My background is in arts and sciences. I graduated from the University of Florida with degrees in Anthropology, Art History, and Zoology. I went on to graduate with a masters degree in Biology from Florida Atlantic University.
I bounced around the globe traveling through more than 38 countries in the last 16 years. I found an appreciation for different cultures and foods.
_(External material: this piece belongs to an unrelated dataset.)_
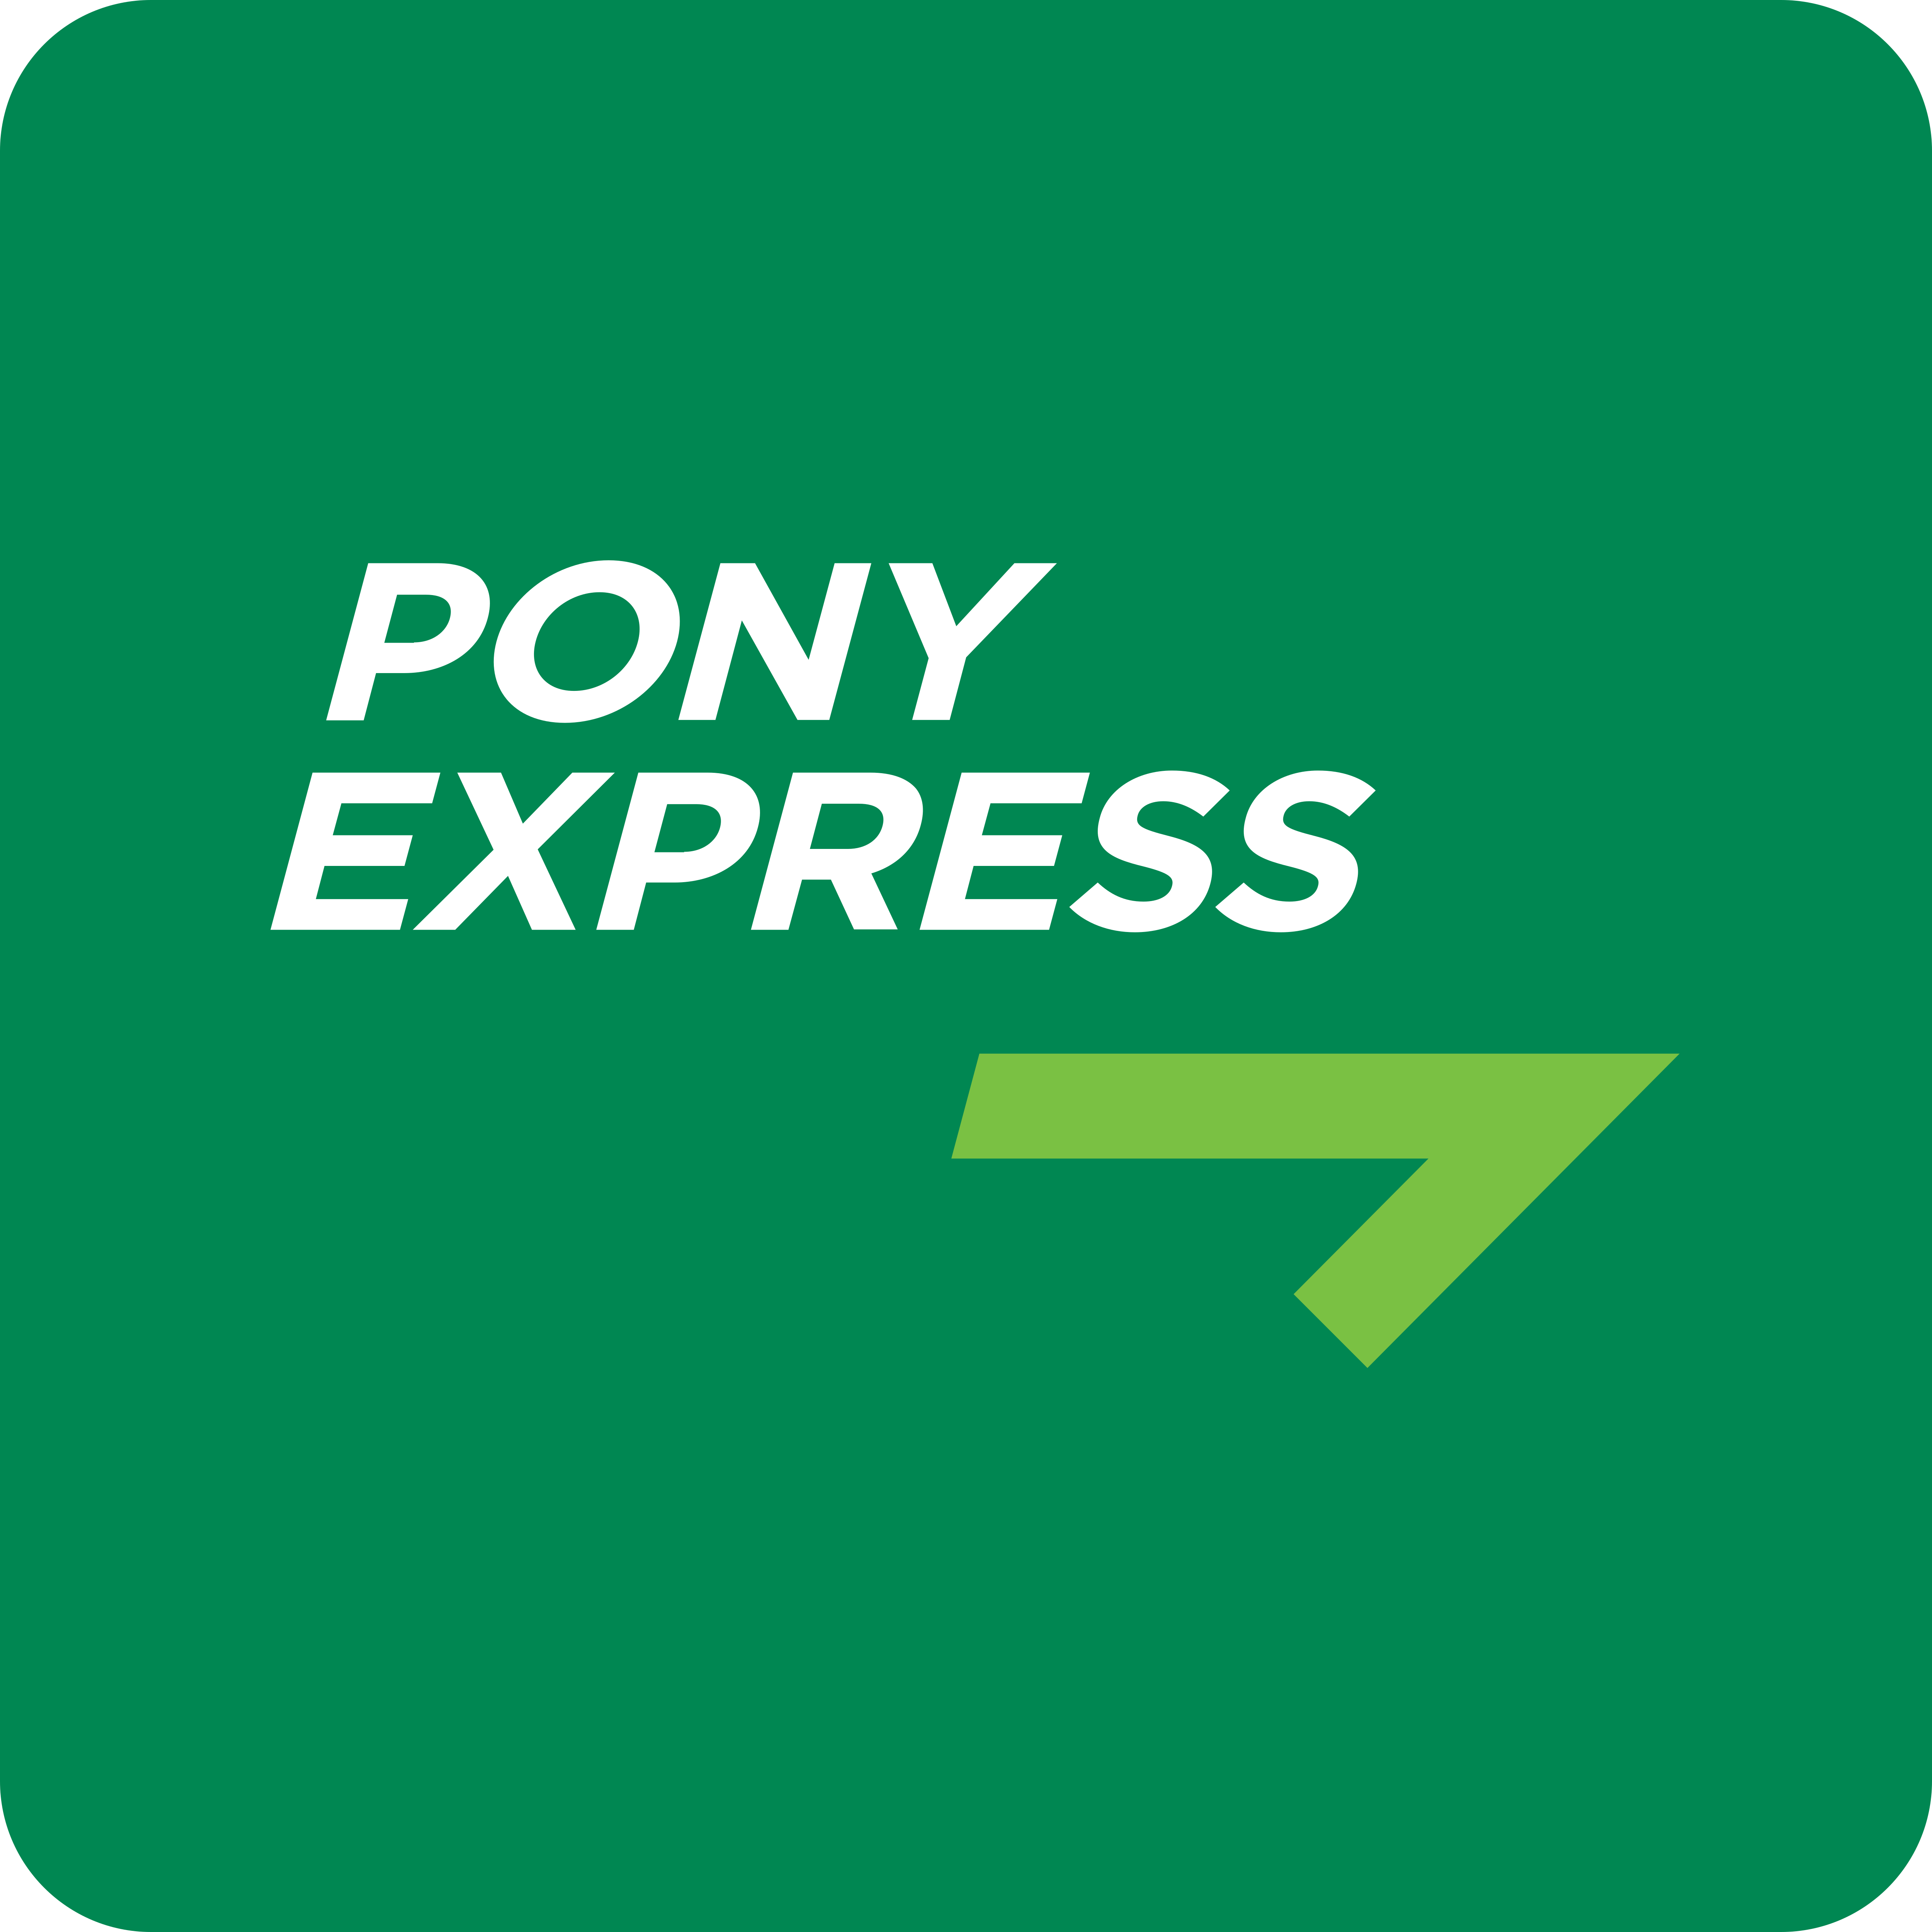 Сайт экспресс. Пони экспресс. Пони экспресс логотип. Курьерская служба пони экспресс. Постамат Pony Express.

In between, I discovered a new species of naked amoebae, designed a sea turtle exhibit for a local county nature center, participated in an archaeological dig in Israel, worked on eradicating the invasive Brazilian Pepper and Air Potato species, researched diversity on coral reefs in Australia, made it onto the silver screen as a precision driver, and volunteered with a wildlife care center in South Florida before temporarily moving to Maine to teach conservation ecology. I returned and briefly worked for a major research and medical university in South Florida reading and approving all the medical research that was taking place on campus ensuring compliance and a high standard of ethics. When my father was diagnosed with esophageal cancer I saw a need for patient advocates and so I became one self-employed. After the university closed my department I took a while to look around and regroup.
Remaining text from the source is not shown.